Степень разработанности проблемы
Подавляющее большинство попыток истолкования бытия музыки можно обобщить в виде двух «генеральных направлений»: а) «музыка - поющее число», б) «музыка - язык чувств». В своей попытке понять музыку и то, и другое «направление» подходили к ней изначально как к чему-то вторичному, «слепку с оригинала» (исключение есть, кажется, одно, и мы оговорим его отдельно).

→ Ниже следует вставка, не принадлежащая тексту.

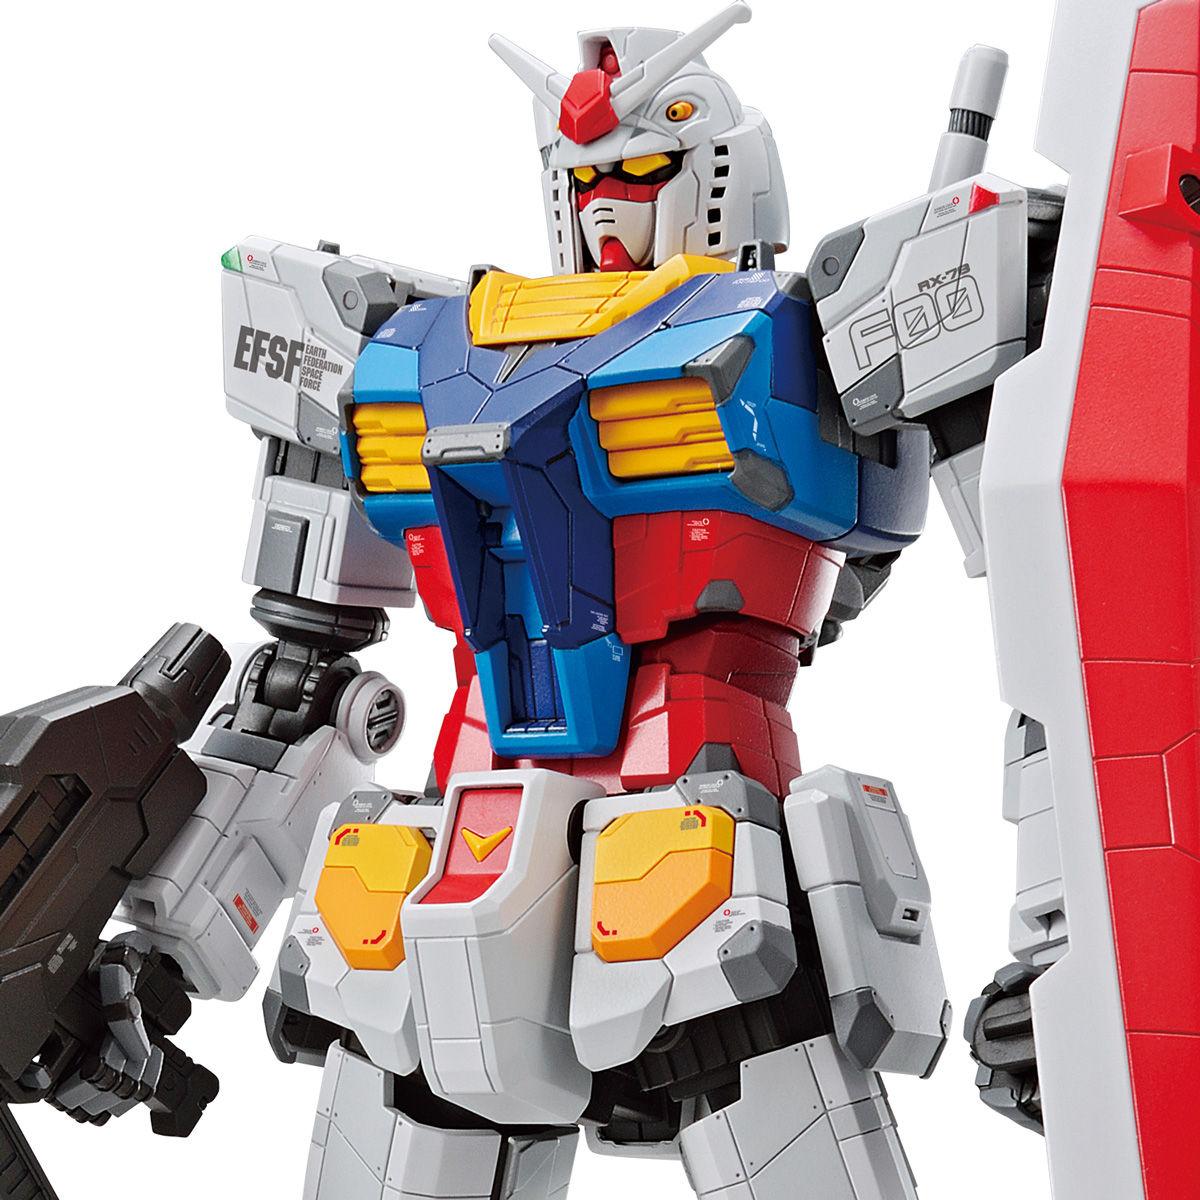 【先行販売】GUNDAM FACTORY YOKOHAMA『RX-78F00 ガンダム』1/100 プラモデル-001

В первом случае «оригиналом» является «жизнь числа», под которым следует понимать, естественно, не цифру, но Число как некий «онтологический закон мирозданья». Эта традиция берёт начало в европейской философии от Пифагора и его «музыки сфер». «Венцом» же этой концепции можно, пожалуй, считать второй, третий и четвёртый очерки широко известной работы А.Ф.Лосева «Музыка как предмет логики» («Очерк первый» в этом смысле исключение, на которое будет подробно указано в контексте диссертации, наряду и в сравнении с вышеупомянутыми), где он, толкуя Число как основание Времени, нечто объективно существующее в природе чему даже присуще становление («время есть становление числа»), даёт объяснение и музыке - своеобразное конструирование «инобытия бытия числа» (конструирование «меонизированного эйдоса»). Поскольку музыка, таким образом,
является выражением «сокровенной жизни» числа, которое само есть «сокровенное начало» мира (сродни Пифагоровым представлениям о «началах» как «музыке сфер», или наподобие Платоновских «идей», или «предустановленной гармонии» Лейбница), предполагается, что соприкосновение с этой «изнанкой мирозданья» должно само собой уже и объяснять «тайное» влияние музыки на человека. (В качестве «промежуточного развития» идеи математического истолкования музыки могут быть, помимо Лейбница, упомянуты Боэций, И. Кеплер, И. Риттер, М. Мерсенн и даже О. Шпенглер, высказавшийся в «Закате Европы» в том смысле, что «и цвета, и контуры, и звуки, и гармония зависят от числа»). Но дело в том, что подобные метафизические (можно было бы сказать - до-кантовская метафизика) попытки толкования бытия музыки вовсе не задаются вопросом, каким образом та или иная, допустим, конкретная мелодия образовалась, явилась человеку в качестве таковой? Более того, они просто-таки аннулируют сам вопрос об условиях и возможности её образования, имея в виду мелодию в качестве «готового» феномена; они, как критически и точно замечал Эрнест Ансерме, «разъясняют музыку в её трансцендентности, а не в её феномене».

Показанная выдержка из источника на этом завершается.